The course has been renamed to AWS Machine Learning Engineer to reflect that SageMaker is used throughout the whole course. Already when I completed it, SageMaker was used as the tool. The new course can be found here.

Summary & Evaluation

Udacity stands out by offering assignments that students need to complete within SageMaker to successfully complete the course. This was why I decided to try my first Udacity course and I have not been disappointed. The quality was very good and the videos were very helpful. What made this course so useful was to get my hands dirty within SageMaker and complete four assignments in SageMaker.

Key Takeaways

The key takeaway for me where to understand how to fully productionise a model from data cleaning, feature engineering to model training and model deployment using API endpoints.

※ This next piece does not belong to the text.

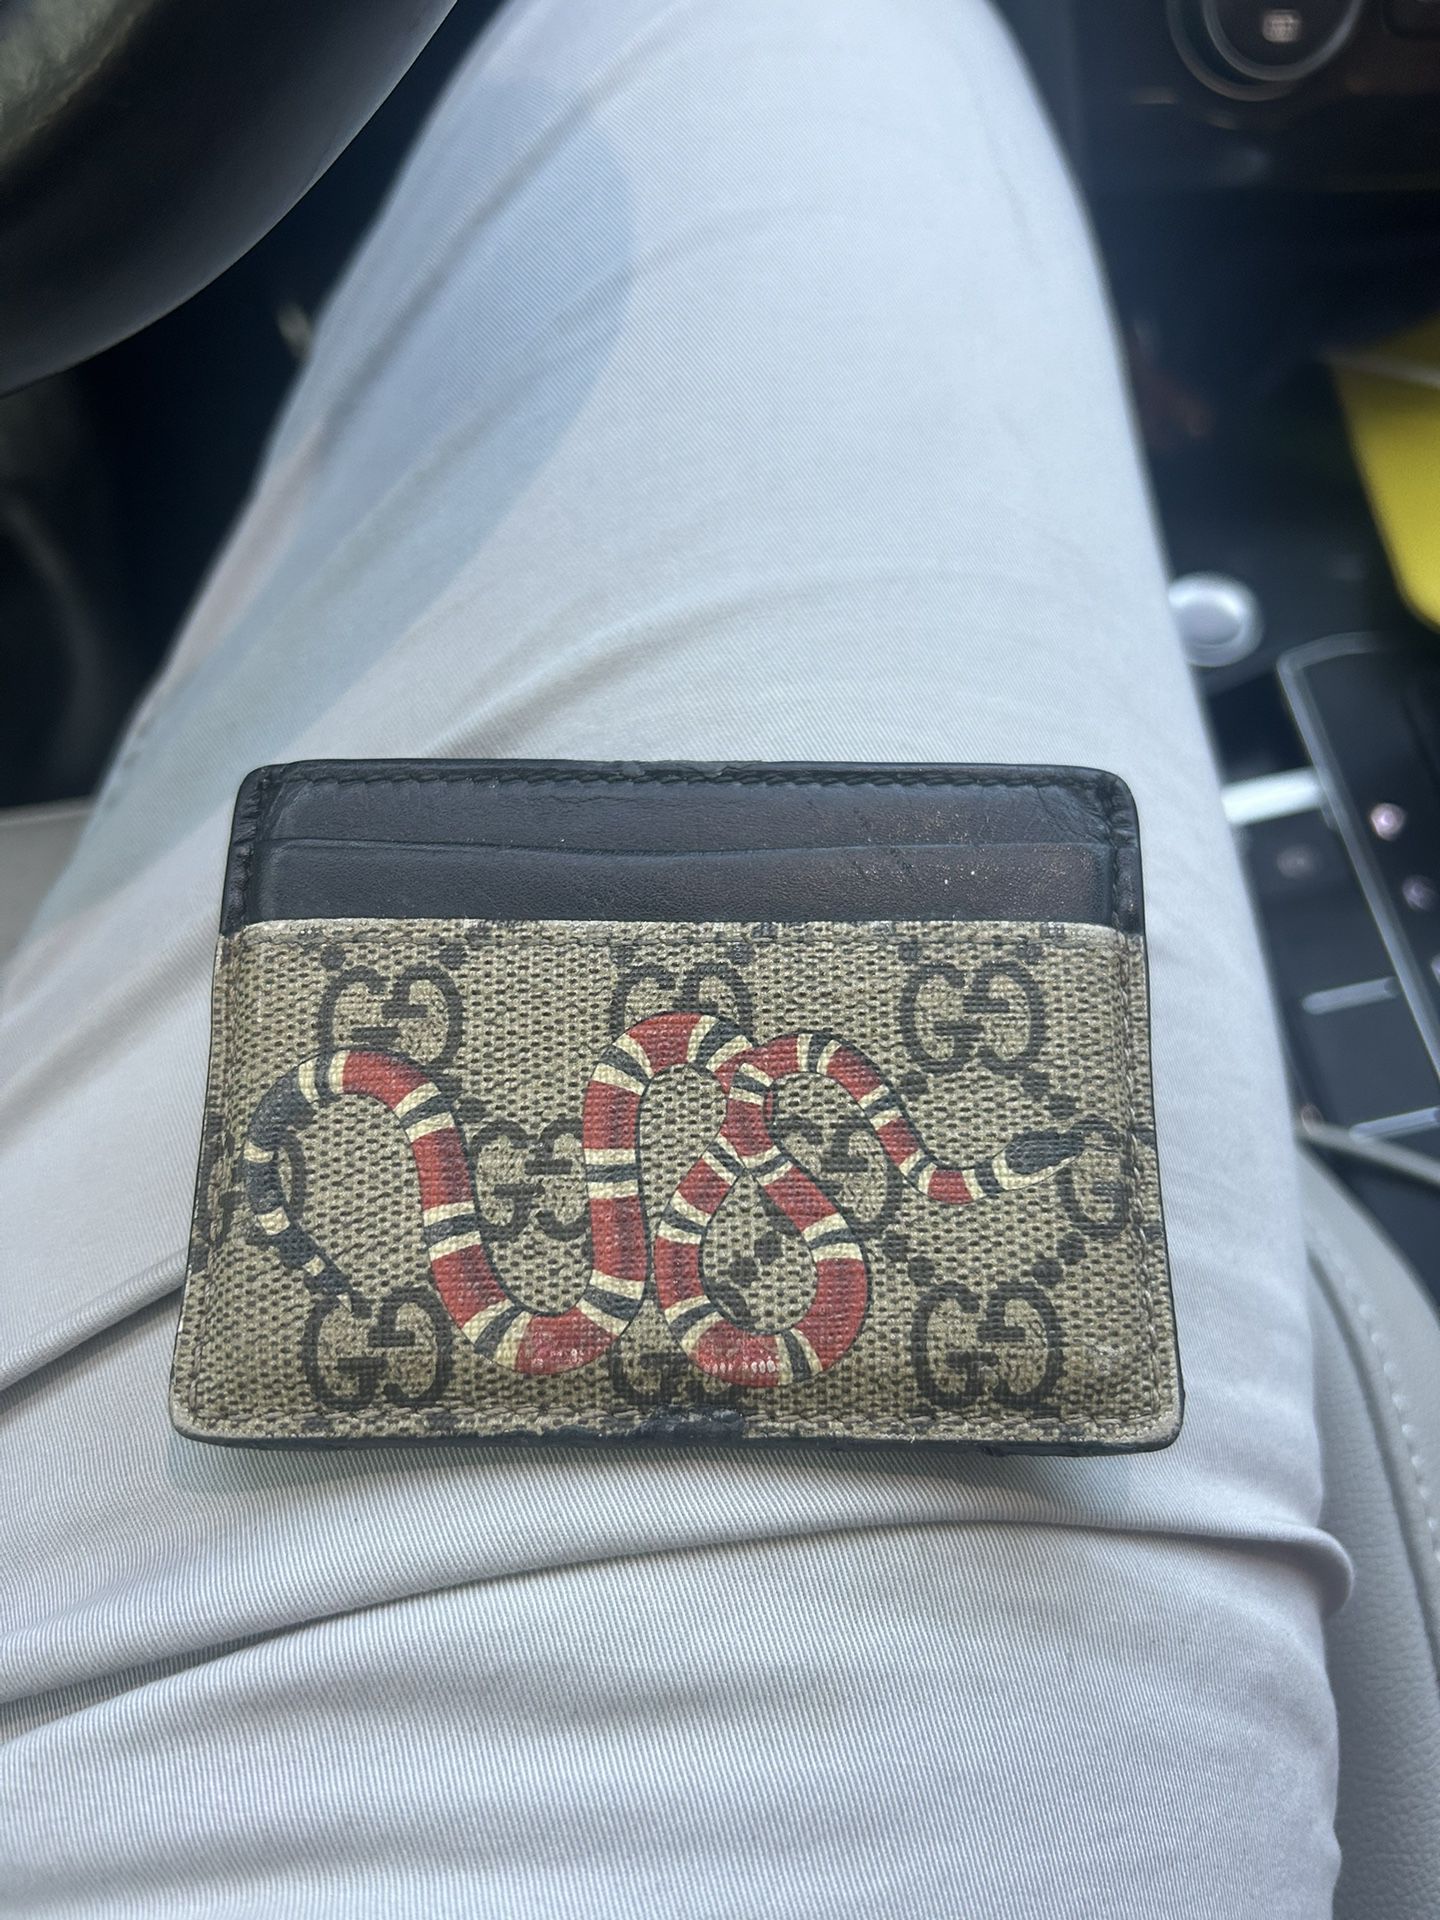 Authentic Gucci Card Holder 
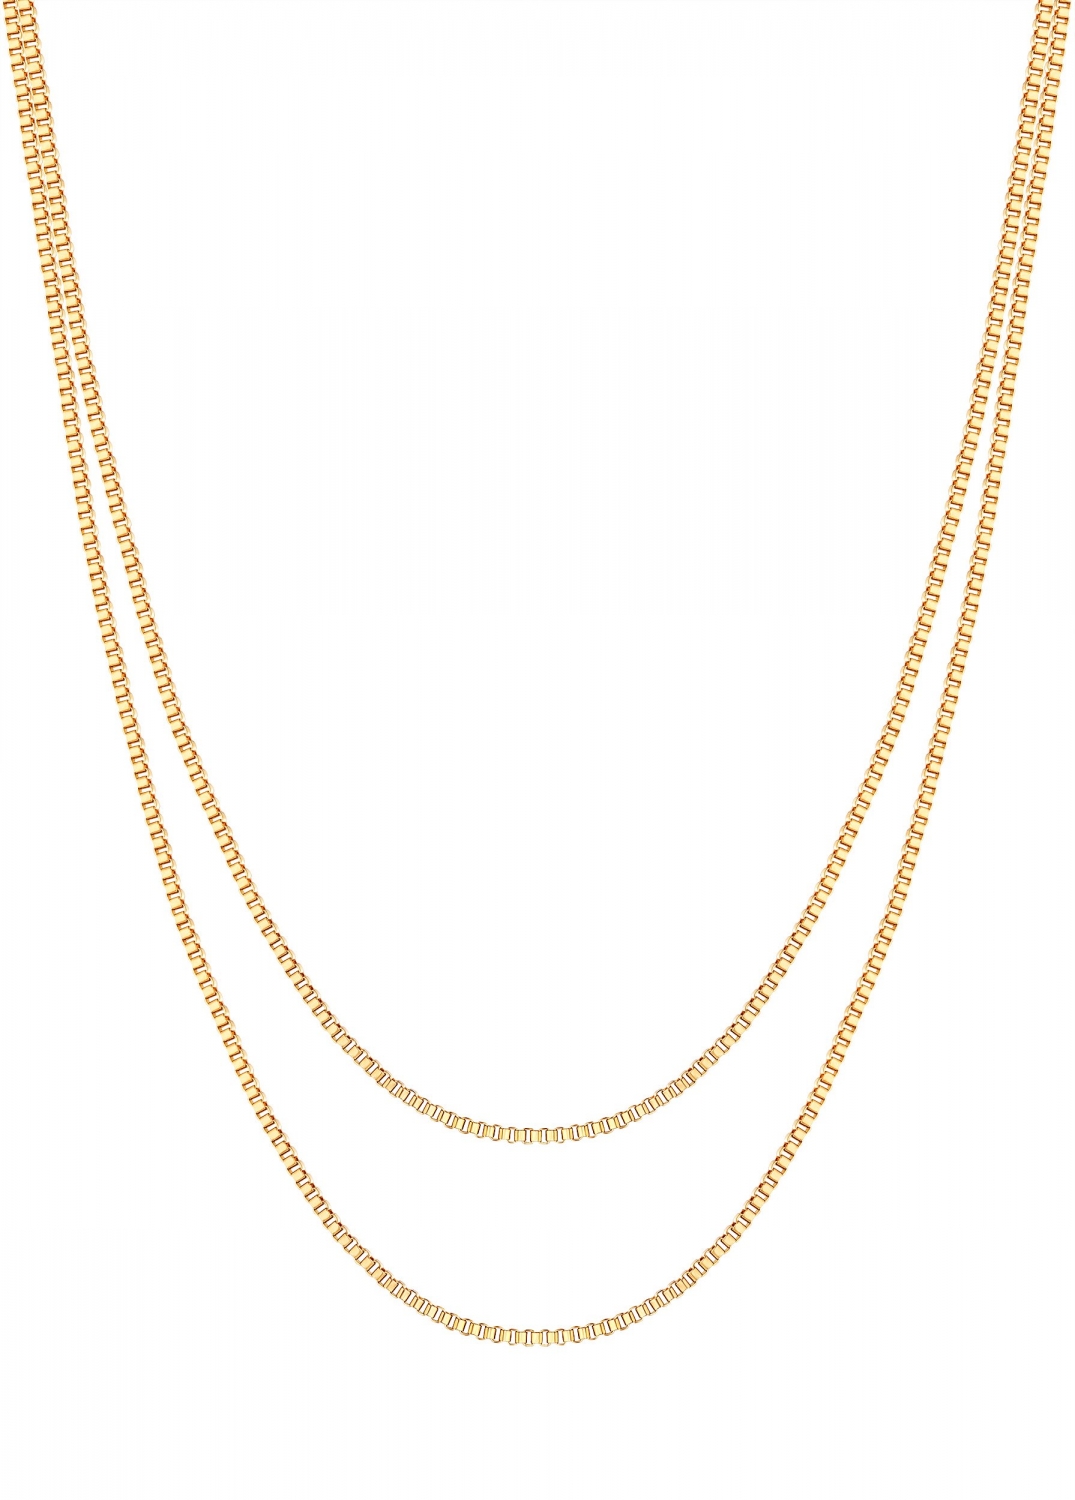 NL Double Chain - Gold - Necklaces - Northern Legacy

Additionally, I learned how to call these end points and build a dashboard out of them.

In detail, the course covered:

  • Software Engineering Practices
    • Write clean, model and efficient code and good documentation
    • Test code and log outputs
    • Object oriented programming
    • Creating my own PiPy package
  • Model Deployment
    • Building and deploying a model within SageMaker using the SageMaker API
    • Hyperparameter tune the model using the SageMaker API
    • Deploying the model as an API endpoint
  • ML use cases
    • Productionise various models ranging from unsupervised models (PCA & k-means) to supervised models (simple linear regression, deep learning models in Pytorch)
  • My own student project
    • My project was around predicting based on several features whether an error in a tennis match was a forced or an unforced error

Machine Learning DevOps Engineer by Udacity

I was very excited to see that there is a Machine Learning DevOps course when it was launched in July 2021. I have not fully completed the course yet so I will update this page when I have. You can find the course here.

Summary & Evaluation

The course is all about putting Machine Learning models into production. The evaluation will be filled after I have taken the course.

Key Takeaways

The curriculum of the course is as follows:

  • Apply best coding principles
  • Building a Reproducable Model Workflow
  • Deploying a Scalable ML Pipeline in Production
  • ML Model Scoring and Monitoring

Conclusion

I can’t emphasize enough how useful I think these online courses are. We live in a century in which knowledge is freely available. The number of resources available online in the Software Engineering and Data Science field is exploding. This makes it difficult sometimes and makes it even more important to lay a solid foundation through a well-structured online course.